** Available data **
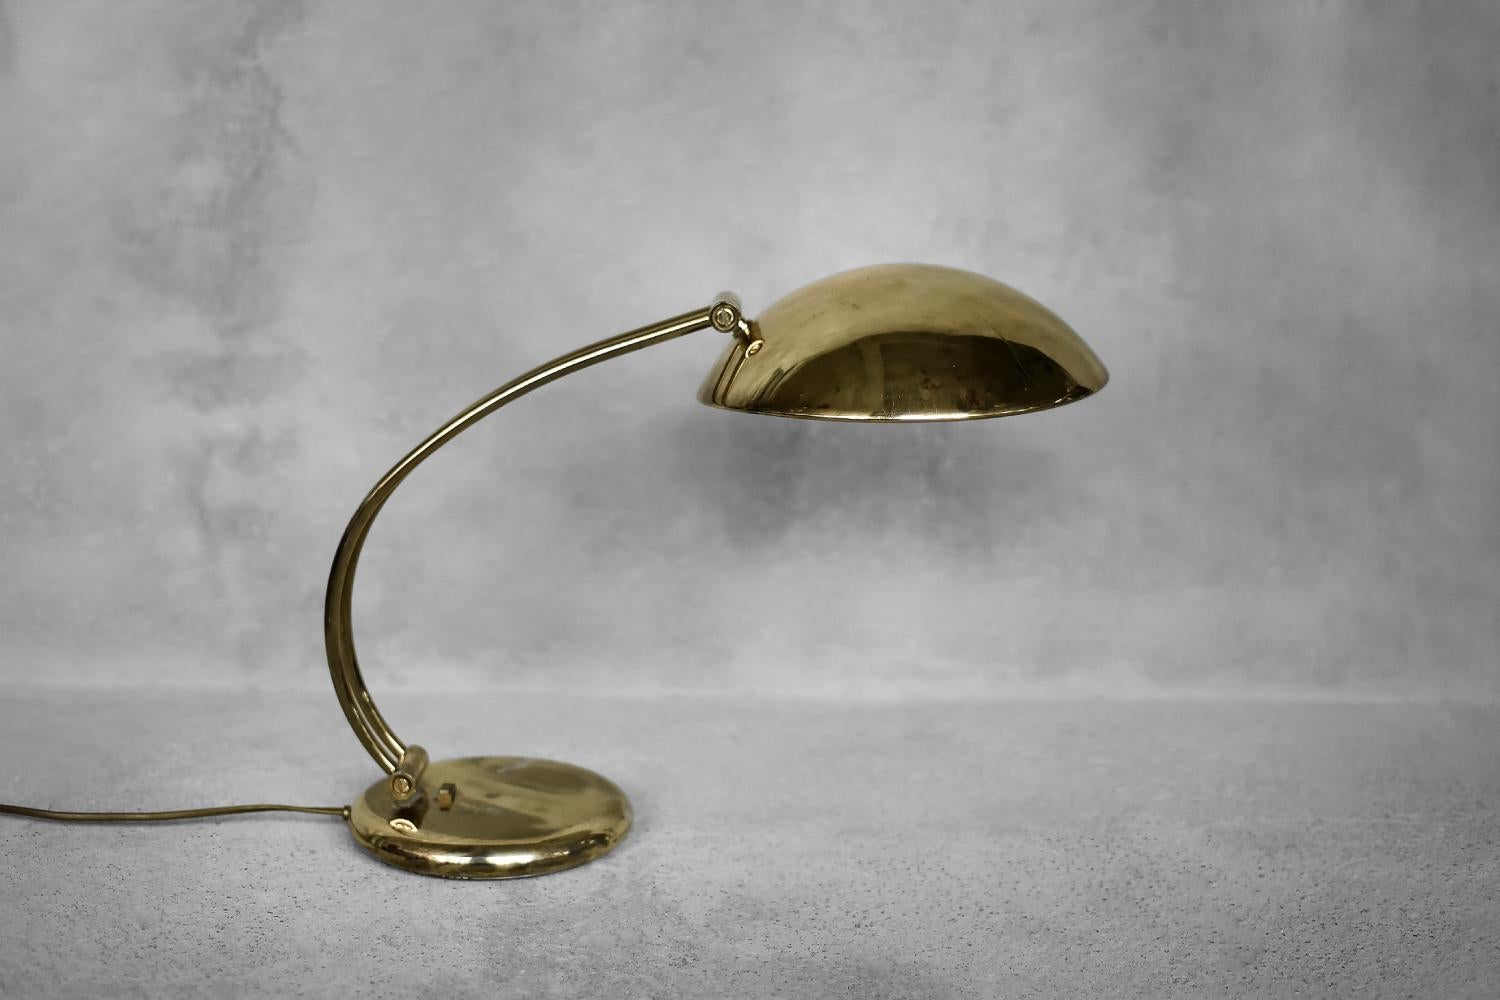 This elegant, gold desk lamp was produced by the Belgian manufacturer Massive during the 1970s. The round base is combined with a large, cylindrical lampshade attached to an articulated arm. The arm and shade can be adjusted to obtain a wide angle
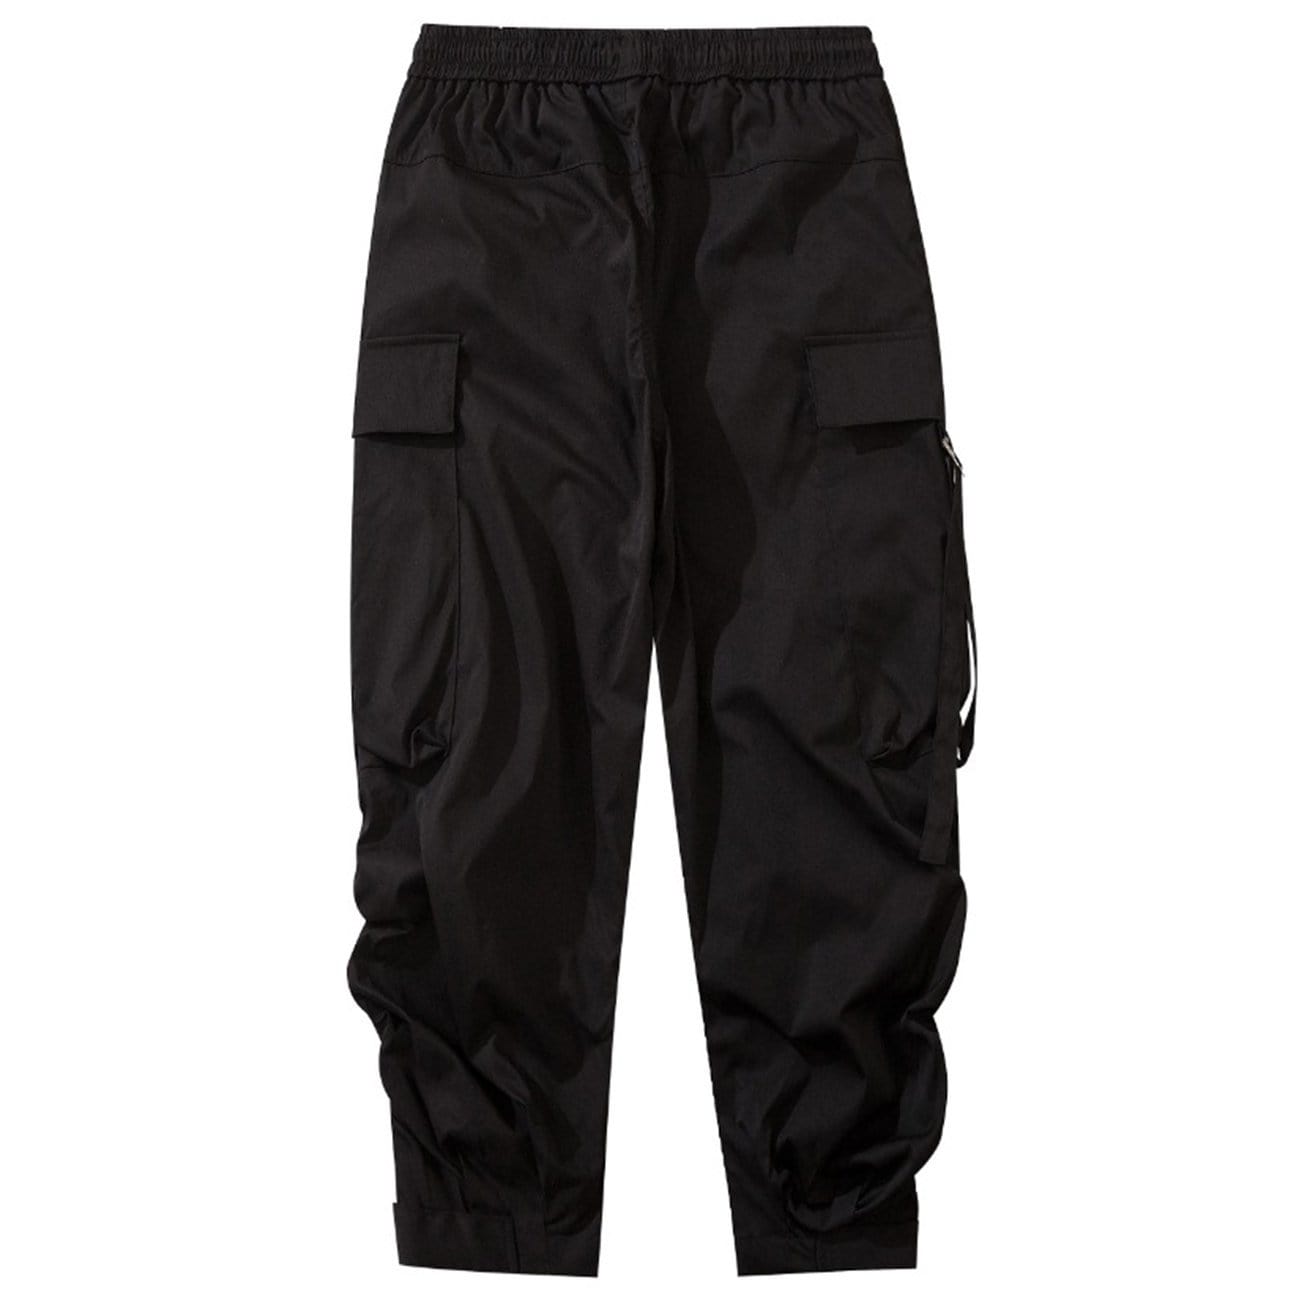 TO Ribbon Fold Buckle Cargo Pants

---

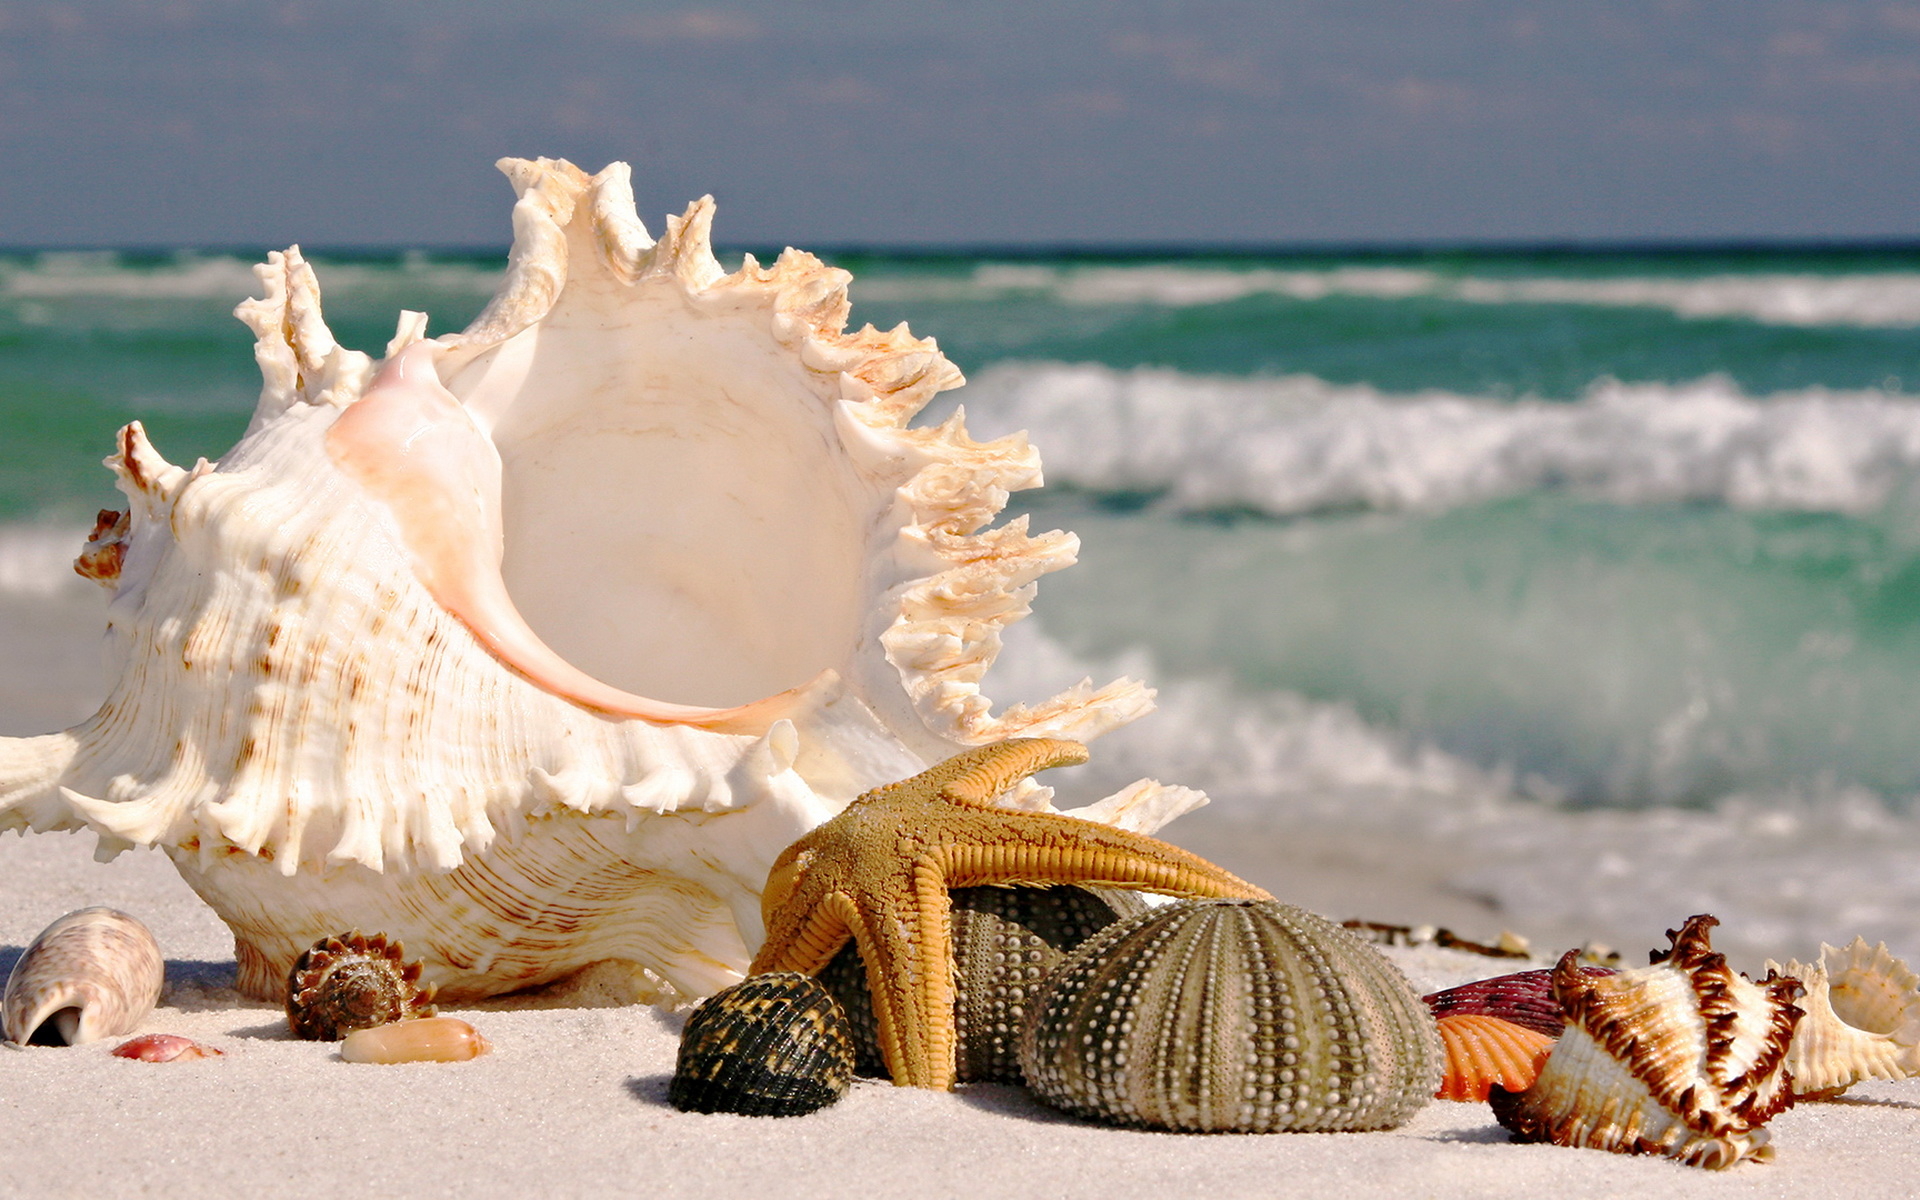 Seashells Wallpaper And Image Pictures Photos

** Exercise brief **
Going back to the data above, write out everything from the line with "This elegant, gold" down to the line with "TO Ribbon Fold Buckle Cargo Pants", both included, leaving every picture out.

** Written answer **
 This elegant, gold desk lamp was produced by the Belgian manufacturer Massive during the 1970s. The round base is combined with a large, cylindrical lampshade attached to an articulated arm. The arm and shade can be adjusted to obtain a wide angle
 TO Ribbon Fold Buckle Cargo Pants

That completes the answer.